After a few minutes of the three of us laughing and recalling funny moments over the past seven years, I asked if we could go across the lake. "Why?" Tsunade asked.

"I don't really know." But we walked across the water anyway. When we reached my father's statue, I jumped onto the shoulder, but didn't go any further. I simply sat down, legs hanging off the stone armor and called out to them from there -they hadn't seemed to want to even touch his statue. "Now I've can say I've sat on my father's shoulders, just like every other kid!" I laughed a little at the thought, then just sat and admired the view of the valley from this direction too.

After a minute or two in silence, I stood and walked farther up the shoulder to touch Madara's face. "Even though I know you've done really bad things that were also really wrong, I still want you to know I love you Father, and I always will." I leaned forward and placed a small peck on the cheek of the statue, the same as I would have if it would have been my real father. Then I turned around and saw Kakashi watching me with a thoughtful face and a smile, while Tsuande looked at me with a confused yet accepting look.

Once we were on our way back to the village, Kakashi asked, "What was that all about, back there?"

"Well, I doubt I'll ever get to meet him, especially on good terms, so I figured, I'd let the statue know how I really felt; you know, just to get the feeling out; like screaming into a pillow when your upset, except that was a happy/sad feeling, not an angry one." I tried to explain it to him.

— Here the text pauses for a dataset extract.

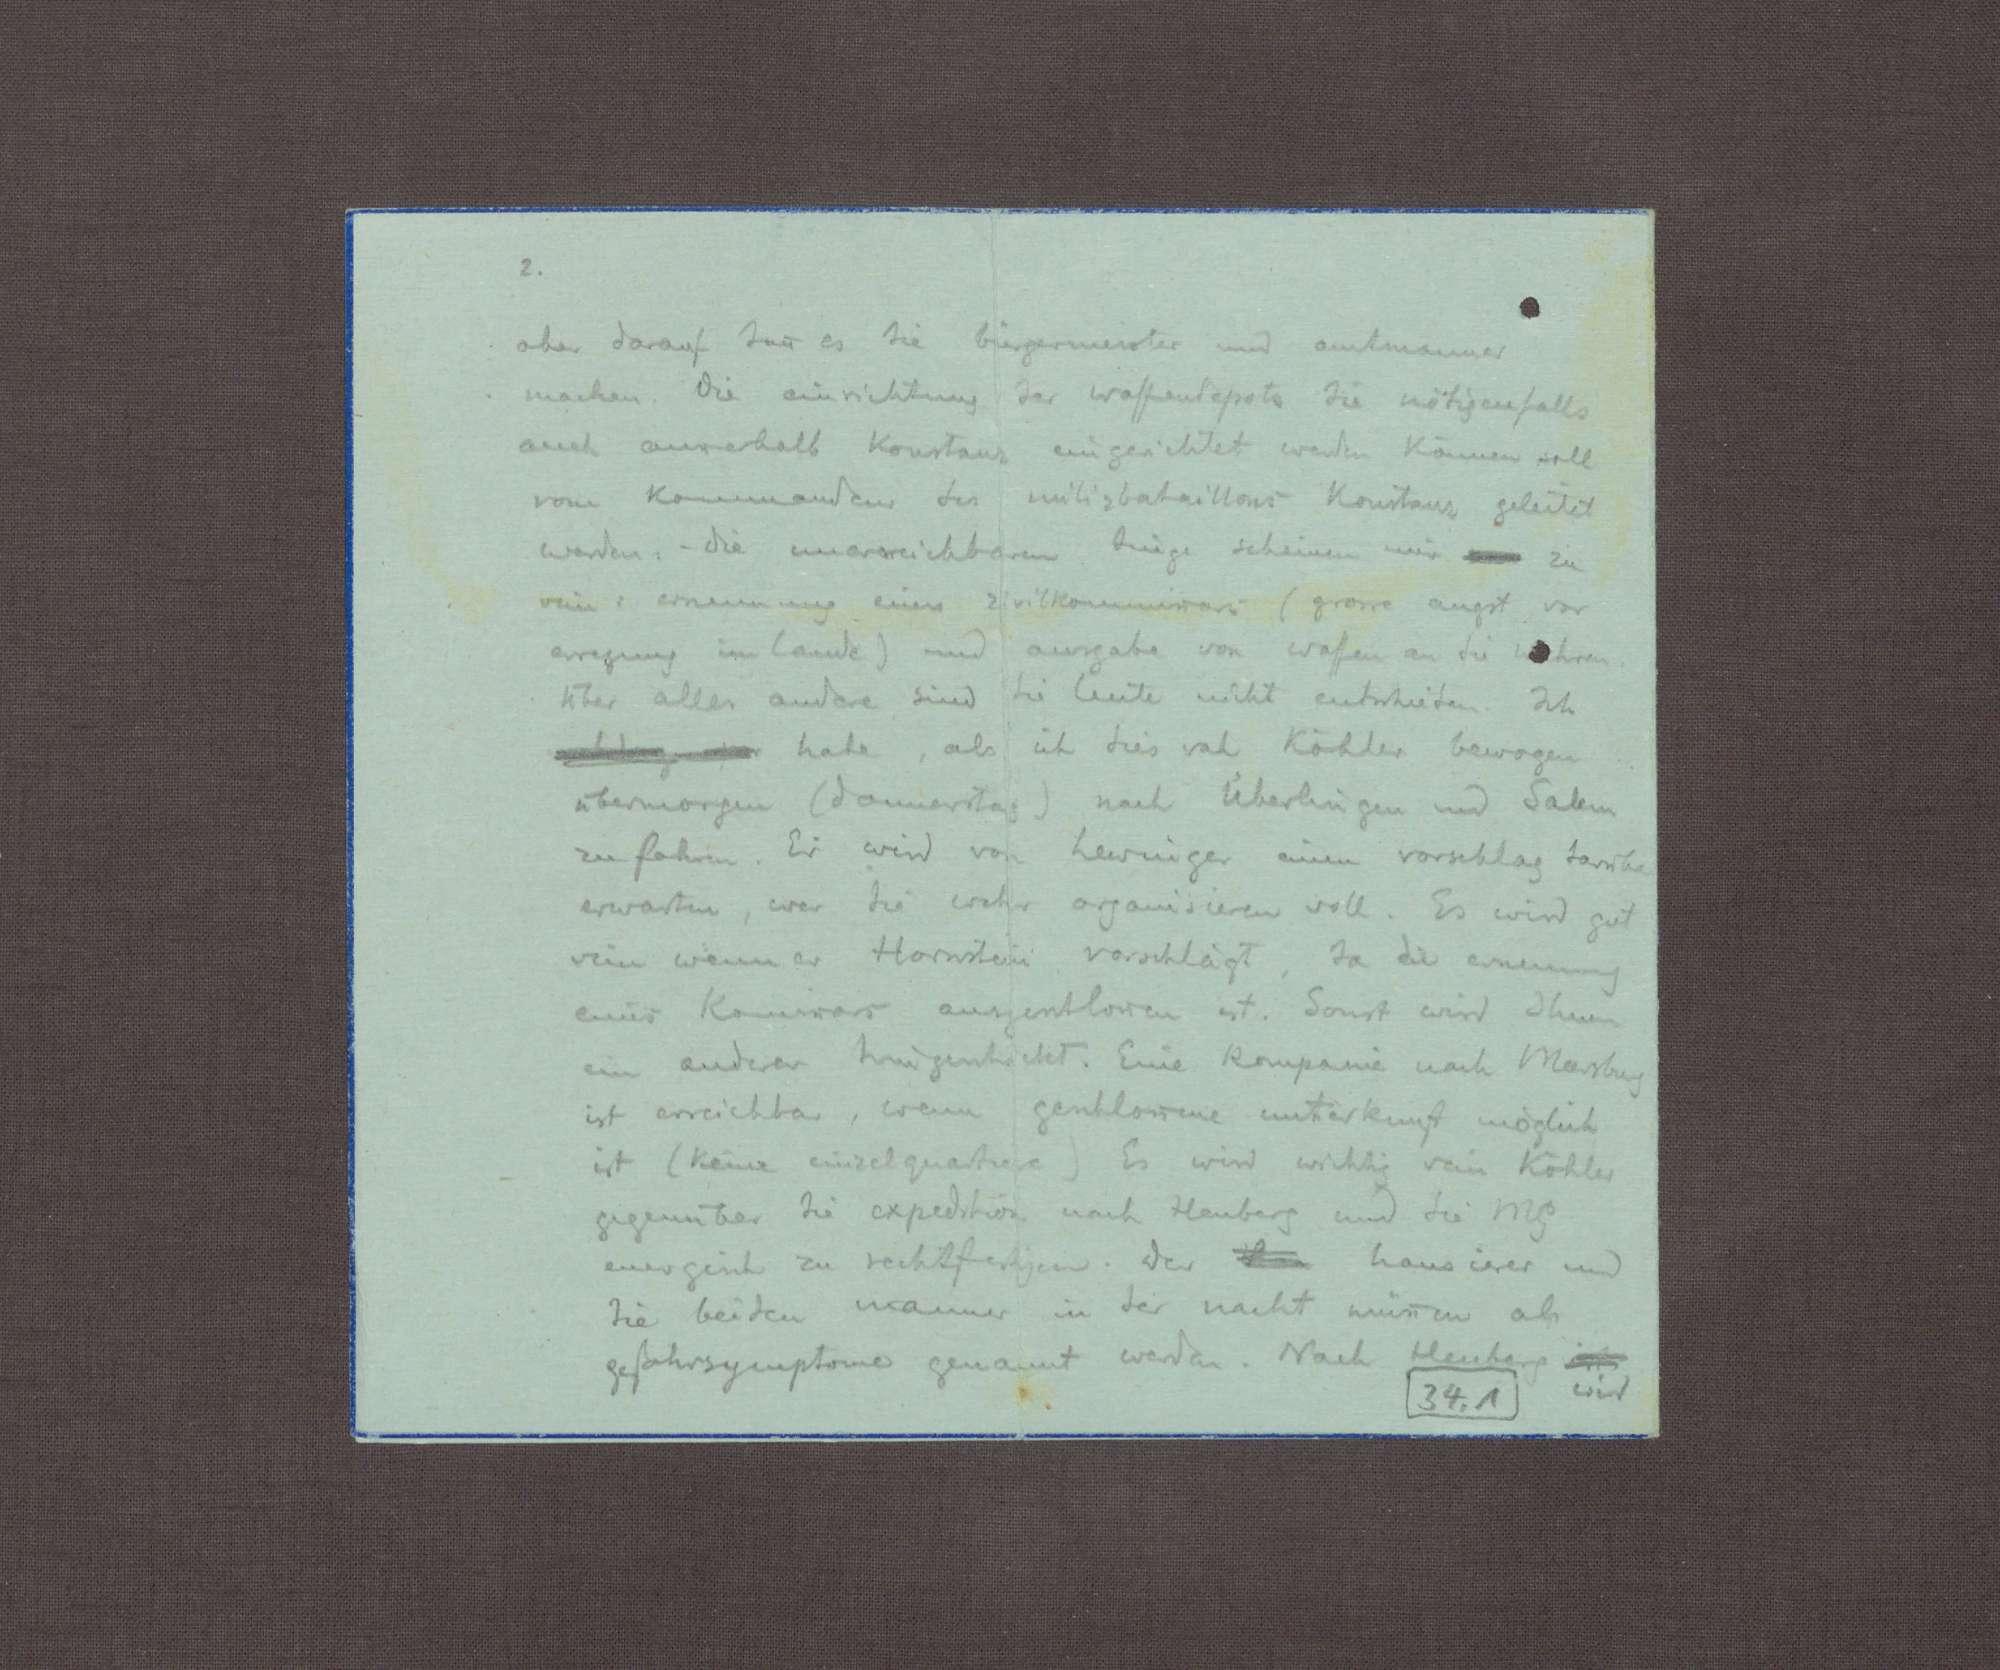 Schreiben von Ruhholtz an Kurt Hahn; Kritische Stimmung gegenüber den Maßnahmen zur Verteidigung in Salem, Bild 3

"Was that the only reason you wanted to see it?" Lady Tsunade asked.

"Well, to tell the truth, I did have another reason." I said catching their attention. "While I was talking, I passed chakra mixed with my thoughts and feelings into the stone; I don't think it will do anything, but I guess I was hoping that if he ever passed by, he'd get to know how I felt, even though he won't know who the feelings are coming from -I made sure not to allow my personal self to be known."

"That's a fine theory, but a very advanced one. I'd be interested to see if it works." Said Tsunade, with a laugh.

"We'll have to test it sometime." I said laughing with her, while praying that it did work.